MONROVIA — Grand Gedeh County District #3 Representative Jacob Debee, chair of the House Rule of Law Caucus, has accused the Liberia Petroleum Refining Company (LPRC) of unlawfully bypassing the Legislature by slashing petroleum storage fees, calling the move a "reckless overreach" that threatens Liberia's financial governance.
Debee charged that the LPRC's decision to reduce terminal storage fees from US$0.35 to US$0.02 per gallon not only undermines the Public Financial Management (PFM) Law but also erodes constitutional checks and balances.
"The 1989 Establishment Act gives LPRC the right to import petroleum, but nowhere does it grant authority to unilaterally set storage fees or revise charges that generate state revenue," Debee said. "These powers remain subject to legislative scrutiny and Ministry of Finance oversight."
Legal Framework in Question
Keep up with the latest headlines on WhatsApp | LinkedIn
Citing the PFM Act of 2009, amended in 2019, Debee argued that all state-owned enterprises (SOEs) must submit budgets through the Ministry of Finance and Development Planning (MFDP) for legislative approval. He warned that LPRC's action strips away transparency and risks emboldening other SOEs to operate outside their legal mandates.
"This strips away public oversight and disguises the true fiscal impact of LPRC's operations," he said. "Unchecked, this precedent will erode governance across the board."
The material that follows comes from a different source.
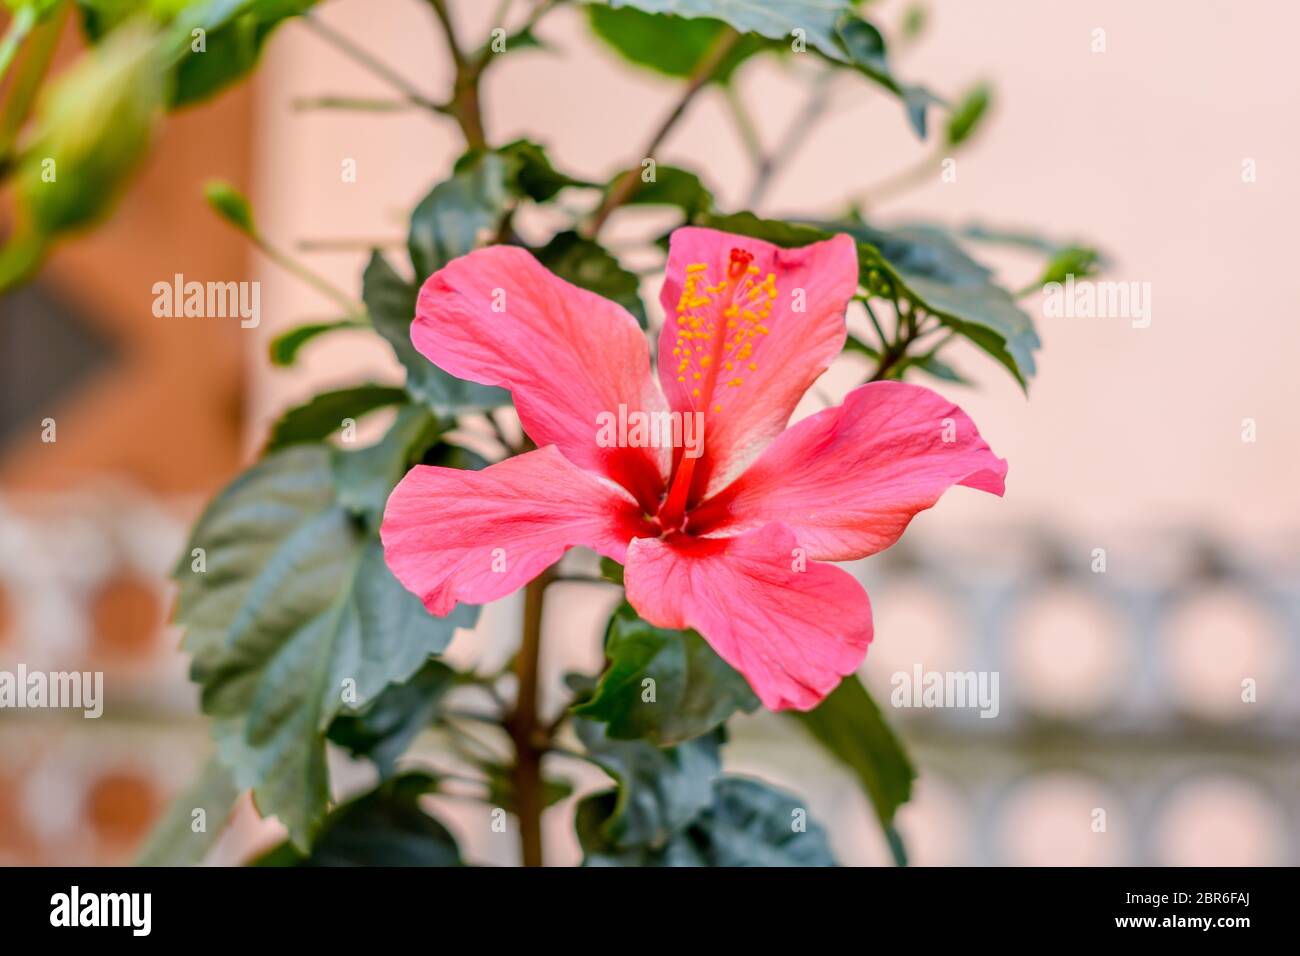 One Chaba flower (Hibiscus rosa-sinensis) chinese rose, red color, on upward direction, blooming in morning sunlight in isolated background. Vintage f Stock Photo

Calls for Legislative Action
Debee urged LPRC's board to suspend the fee cuts immediately and submit a justification to the Legislature. He also called on the House Committees on Lands, Mines, Energy, Natural Resources & Environment, and Public Accounts to investigate.
He pressed the MFDP to reintegrate petroleum storage fees into a legislatively approved budget, warning that the Executive must ensure no agency operates "above the law."
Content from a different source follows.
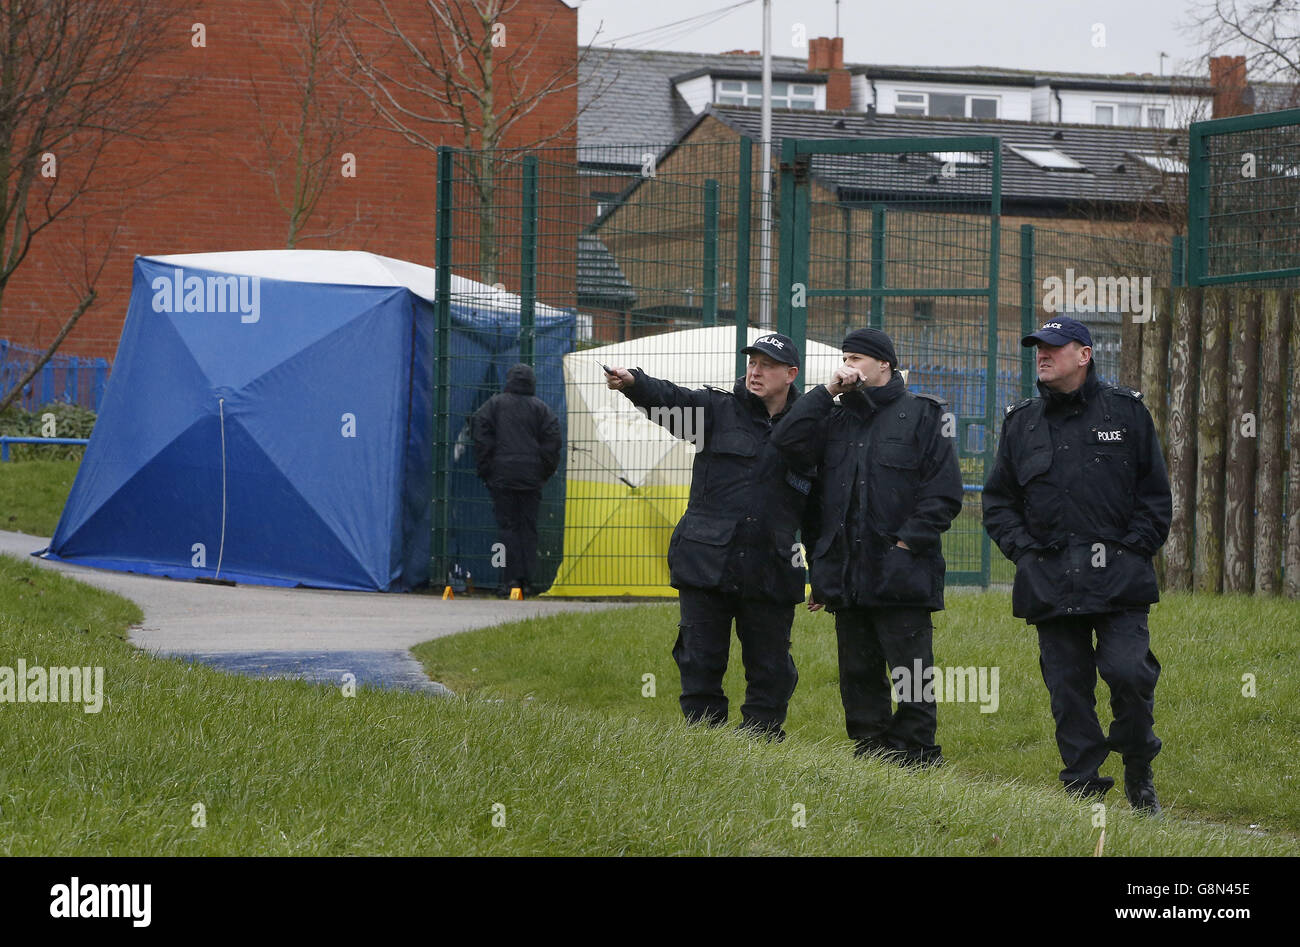 Police at a childrens play area in Rochdale where Jalal Uddin, 64, has died after being found with serious head injuries while on his way home from evening prayers. Stock Photo

A Deepening Political Divide
The policy shift has triggered sharp divisions. Representative Musa Hassan Bility, political leader of the CMC and owner of Srimex Oil and Gas, blasted the cut as a bid to collapse Liberian-owned businesses and hand LPRC monopoly control.
"This decision puts thousands of jobs at risk and undermines years of private sector investment," Bility said.
Senator Prince Moye, chair of the Senate Committee on Ways, Means, Finance and Budget, defended the reform as a strategic measure to redirect millions toward health care, infrastructure, and social programs. He projected potential revenues of US$16.6 million annually under the revised structure.
Moye insisted previous storage fees largely enriched private tank owners while LPRC bore costs without contributing significantly to state revenue.
A Defining Test for Governance
The confrontation between lawmakers and the executive-backed LPRC sets the stage for a critical test of accountability in President Joseph Boakai's administration.
"As lawmakers and guardians of the public purse, we cannot allow such impulsive and unilateral actions to go unchallenged," Debee said. "No government entity is above the law, especially when public finances and national interests are at stake."
With legislative committees now under pressure to probe the legality of the cuts, the controversy is shaping up as more than an economic dispute. For Debee, it is a defining moment for Liberia's rule of law and its democratic institutions.